Railroads in Delaware County

In 1848 the first railroad, the NY & Erie, entered Delaware County setting in motion significant changes in this mountainous rural area. The first train ran through Sullivan County, into Delaware County via Long Eddy and passed through Deposit on its way to Binghamton. In 1873 railroads reached deeper into Delaware County with the completion of the New York, Ontario & Western (O & W), affectionately called the Old and Weary in later years. The O&W ran through East Branch, Walton and Sidney, and included a side branch from Walton to Delhi. In the 1870s the Ulster & Delaware (U & D) railroad, nicknamed the Up & Down because of the rough terrain it traveled, connected the eastern side of the county running from Kingston through Ulster County to Fleischmanns, Arkville, Roxbury, Grand Gorge and Stamford. By 1900 the line had extended through Hobart, Bloomville, East Meredith and Davenport ending in Oneonta. The Delaware & Eastern, later called the Delaware & Northern (D & N), one of the last lines to be built in Delaware County in the early 1900s, connected the O & W in East Branch to the U & D in Arkville with a spur to Andes from Union Grove Andes Junction.

The railroad brought new opportunities to Delaware County, both for import and export. Manufactured goods became more economical and readily available. “The whole dairy industry of the eastern part of the county has been put upon a new and improved basis. The supplies of lumber, feed and flour which are required by the farmers and others are brought to them at a much less cost and at a more convenient distance.” (Murray 1898:119).

At the same time local products could be shipped out with more ease and efficiency than ever before. “Many farm products, which under former circumstances were not worth sending to market, now became valuable and merchantable. This was the first step towards bringing Delaware County out into the world” (Murray 1898:116). Locally produced wood products, lumber, blue stone and dairy products were exported. “Famous for its butter, Delaware County became equally important as a source of milk. Special trains, cleared for rapid runs, carried fresh milk into New York City” (Roads & Rails Through Delaware County).
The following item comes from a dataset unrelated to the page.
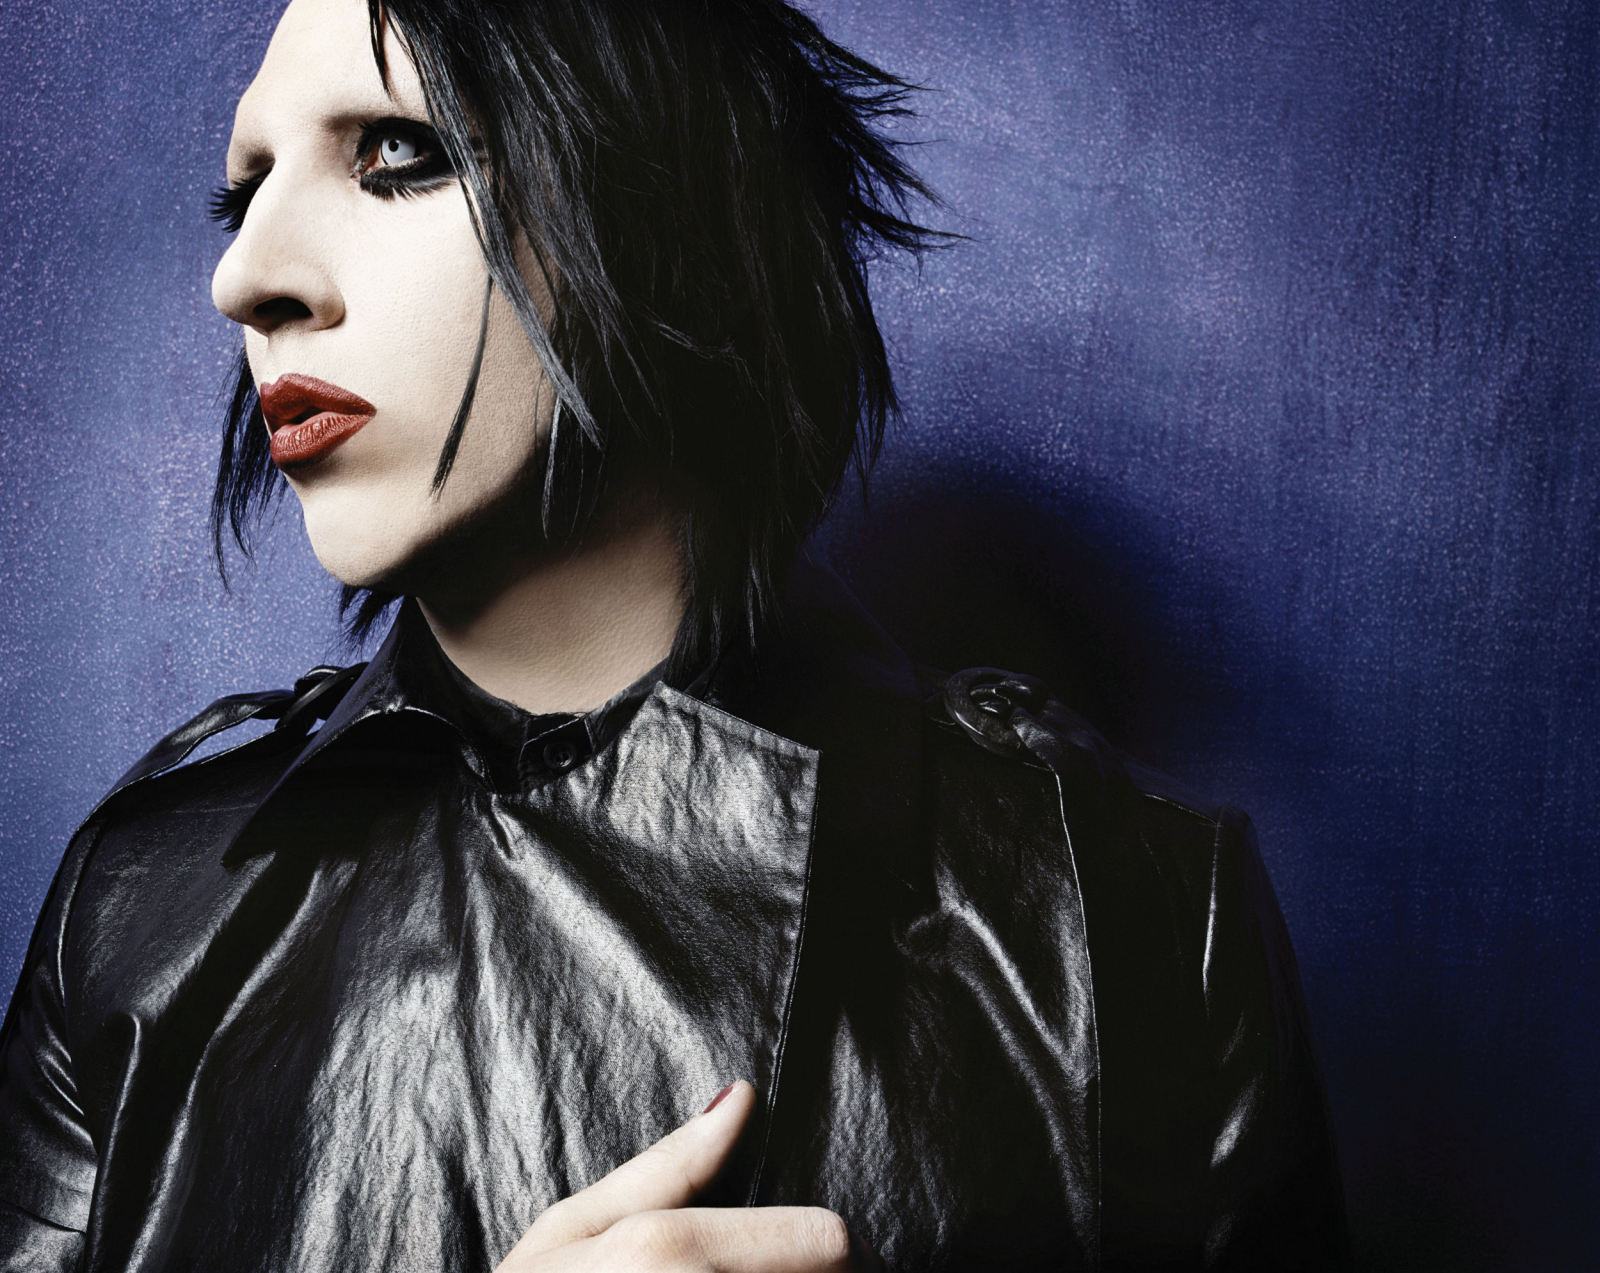 Marilyn Manson photo 14 of 53 pics, wallpaper - photo #87705 - ThePlace21600 x 1273

The same lines that shipped goods also transported people. With the coming of the railroads, the popularity of the Catskills as a vacation spot soared. “They offered sweltering city residents ‘pure air, cool climate, picturesque scenery, shady groves, fine drives, hunting and trout fishing and boating’”(Resort Towns of Delaware County). Some of the most popular resort towns included Stamford, Arkville and Fleischmanns where lavish hotels sprang up to accommodate visitors. “Other resorts targeted vacationers with more moderate budgets. Even local farm families, encouraged by railroad agents, opened their homes to the most modest city residents, offering menus of freshly picked foods, the finest milk and butter products, and rooms cooled by mountain breezes.” (Resort Towns of Delaware County).

The advent of the automobile and auto truck lead to a steady and irreversible decline of the railroad. Along with better-kept roads and the creation of new highways, long-distance trucking companies began competing with the railroad. Trucks, unlike trains, could deliver directly to stores, resulting in a decrease in freight traffic on the railroad. Tourists too began travelling by car rather than train enabling them to look beyond the rail lines for vacation destinations. “While World War II postponed complete failure, the downward spiral of railroad profitability began again with peace. In quick succession service declined, stations closed, new highways skirted the county, and rail routes were abandoned” (Roads & Rails Through Delaware County).

Today the only freight cars to be found in Delaware County are in Sidney where goods are transported on the Delaware & Hudson line. Arkville is home to the only passenger train in the county, the Delaware & Ulster Rail Ride, which offers excursions from the historic Arkville depot to Roxbury, Hallcotsville and Highmount. At Hanford Mills Museum visitors can hike the bed of the U & D line and visit an old freight car, which is home to the museum’s “Box Car” exhibit. Additional hikes can be taken on the Catskill Scenic Trails from Bloomville to Grand Gorge following the well-maintained bed of the old U & D line.